Keeping two blogs up is hard
To prove I mean it, here's a draft from a couple of weeks ago. (Not really today but oh well -- as Jackson would say -- cheese and rice.) This poem was inspired when Missy was hurtling herself along California on an AIDS ride.
the beauty of bicyclists
is an elastic flush
orange pink and red
lycra and titanium
a black thin loping
of human leg
and spoke into the next
rotation space street
the beauty of bicyclists
is a comfort, I'm driving
close enough to see the muscled
calves, the heart-shaped divot
behind the knee, a winking
ankle bone, flashing
like a kid with a torch
in the dark
signaling a friend
in the next house
darkness all around them except
in the bright orange
pink and red fingers
brain flesh, lips
the beauty of bicyclists
laps up the miles of road
between now and all the next
nows, working and work,
the rhythm
the language of the wheel
(you know it's a draft because there are no capital letters)
Wednesday, June 11, 2008
More IRB HRPP AAHRPP poetry
Do you think they will increase our pay?
The flowers are fresh
Moral is a mesh
Good buddy, let's call it a day.
Monday, June 9, 2008
Magnolia Trees, Poems, and Me
I did write a poem about a magnolia tree once. And I've learned a lot about RFK this month. Now if only I were writing more.
The Tree Attended
The rain is okay.
Wind scares me
makes that slap clacking sound
in the flags at the end of the pool,
when I put my head up I think of
skeletons or someone dropping silverware.
The black sky okay, too,
safe and close, oddly warm even when
the window is flat ice under my palms.
Hail jumps sweet,
sugar candy or popcorn,
the shy rain that changed its mind into shapes
big enough to share, then
brags its brightness, dents the air.
When it’s over
the tulip magnolia tree stands like a crossing guard,
a fair shepherdess,
blossoms pink and bruised white,
scattered along the sidewalk in two directions.

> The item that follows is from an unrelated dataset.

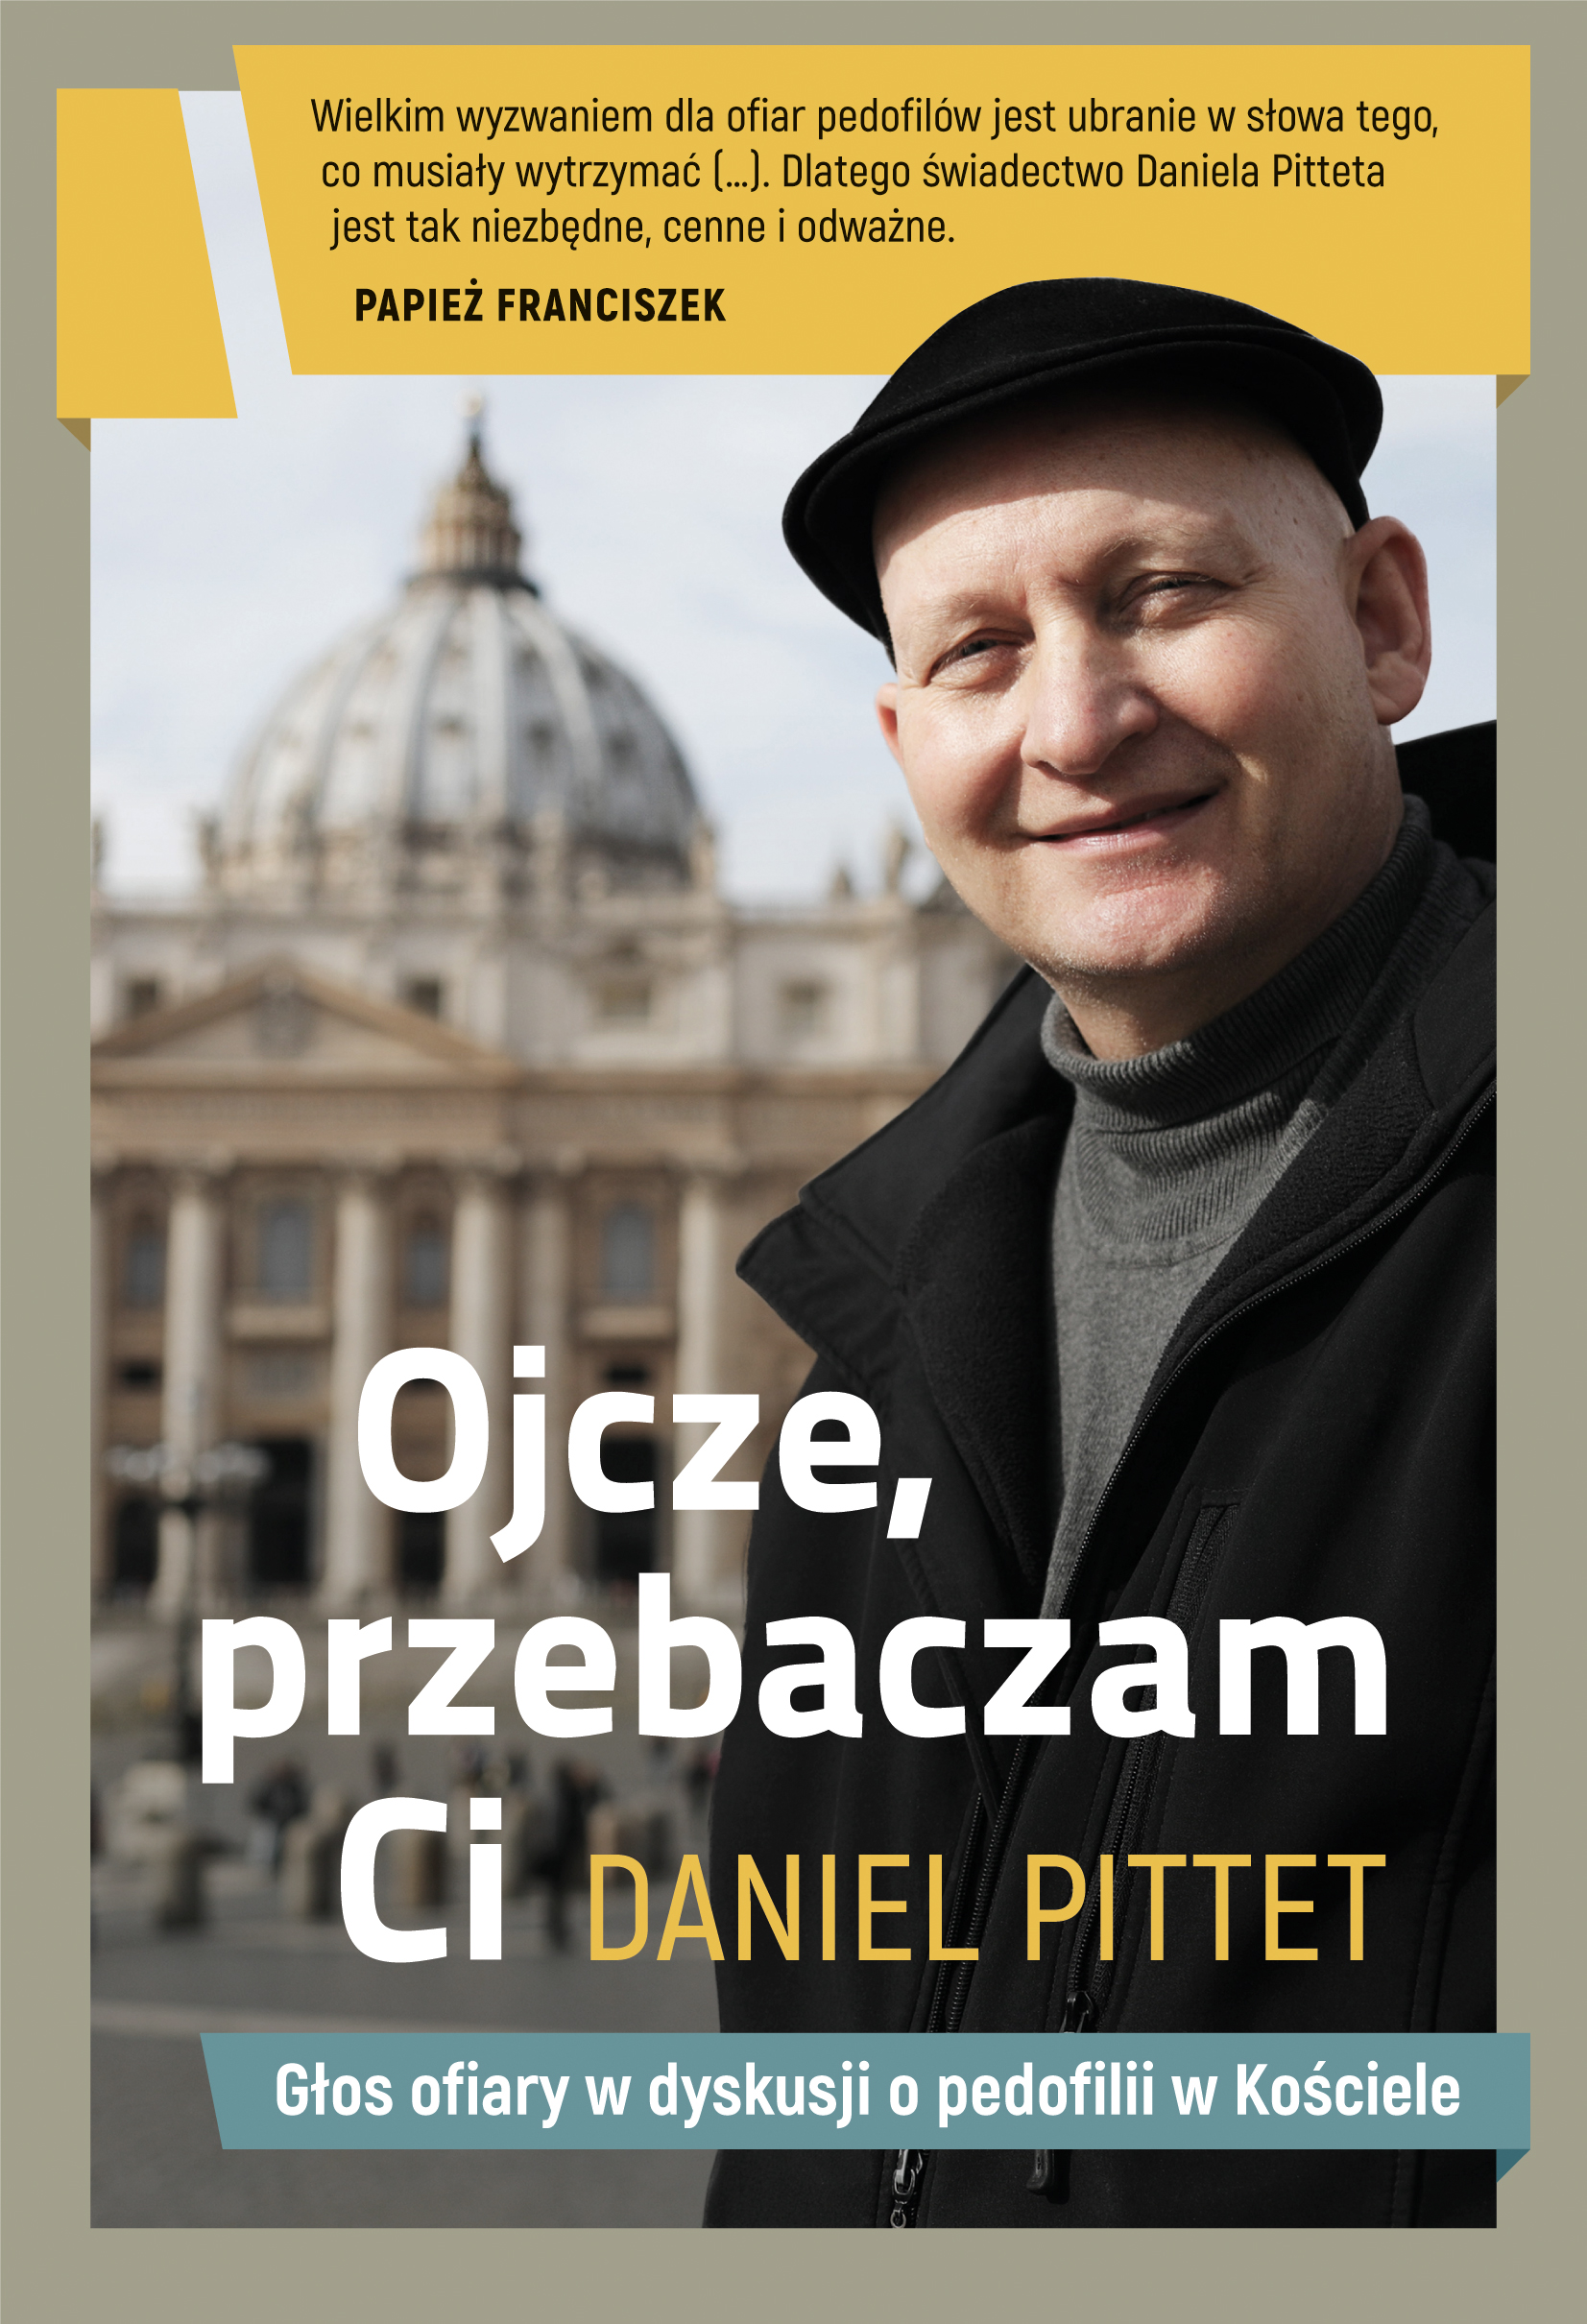 DANIEL PITTET, OFIARA PEDOFILII

But many are still on the tree
jealous of their spring
like new breasts, eager
to fall into whatever the weather builds for their falling
and somehow reluctant
enjoying the shape of the their beauty.
Lisa, see how the tree is as big as a pick-up truck,
powerful, hauling the glistening oxygen,
damp, competent, moving
in the steaming evening,
flowers cupped with rain in the branches
and some in the street.
Everything lies down under the deluge.
The flowers don’t care
where they will fill up with nightfall,
or who sees them,
losing their minds.
Swimming on a Summer Evening
Forgiveness
After you left
I swam on my back
watching the spider web clouds
break up in the deepening sky,
or maybe coalescing,
crystal seeding itself in ice,
or child’s hair in wind.
For a while I could taste the cut grass
from the playing field,
then the rubber chair of the lifeguard,
and the wet soap smell
of the other woman in my lane.
With each breath an open mouth
of surprises, of someone else,
I watched the sky and the evening,
now unpatterned lace,
brittle, fair and random, cloth of heaven,
and the colored flags
as they moved into sight
always five strokes away from the wall.
I found the moon, too,
less than half crescent,
in the western nightfall,
right where we agreed
it would be.
Tuesday, June 3, 2008
Poetry as punishment?
Monday, June 2, 2008
More IRB poetry
IRB all day --
at night CFR and more
words than butterflies
Saturday, May 31, 2008
Teaching Adult ESL with Poetry
Friday, May 23, 2008
AAHRPP poems
Our AAHRPP deadline is June.
We will finish our submission soon.
If they like what we do
They'll accredit -- woo hoo!
Our praises to all they will croon.
(For those of you who would like to follow suit, it's pronounced "a-harp")
Friday, May 9, 2008
A New Blog
First Blog: First Poem
If there's someone to turn to
I'm full
If there isn't
Then I'm empty.
Published when I was 9, in the fifth grade, in the Palo Alto Times. Thanks Miss Cava, wherever you are. You were a great teacher. I thank you for this gift of poetry in my life.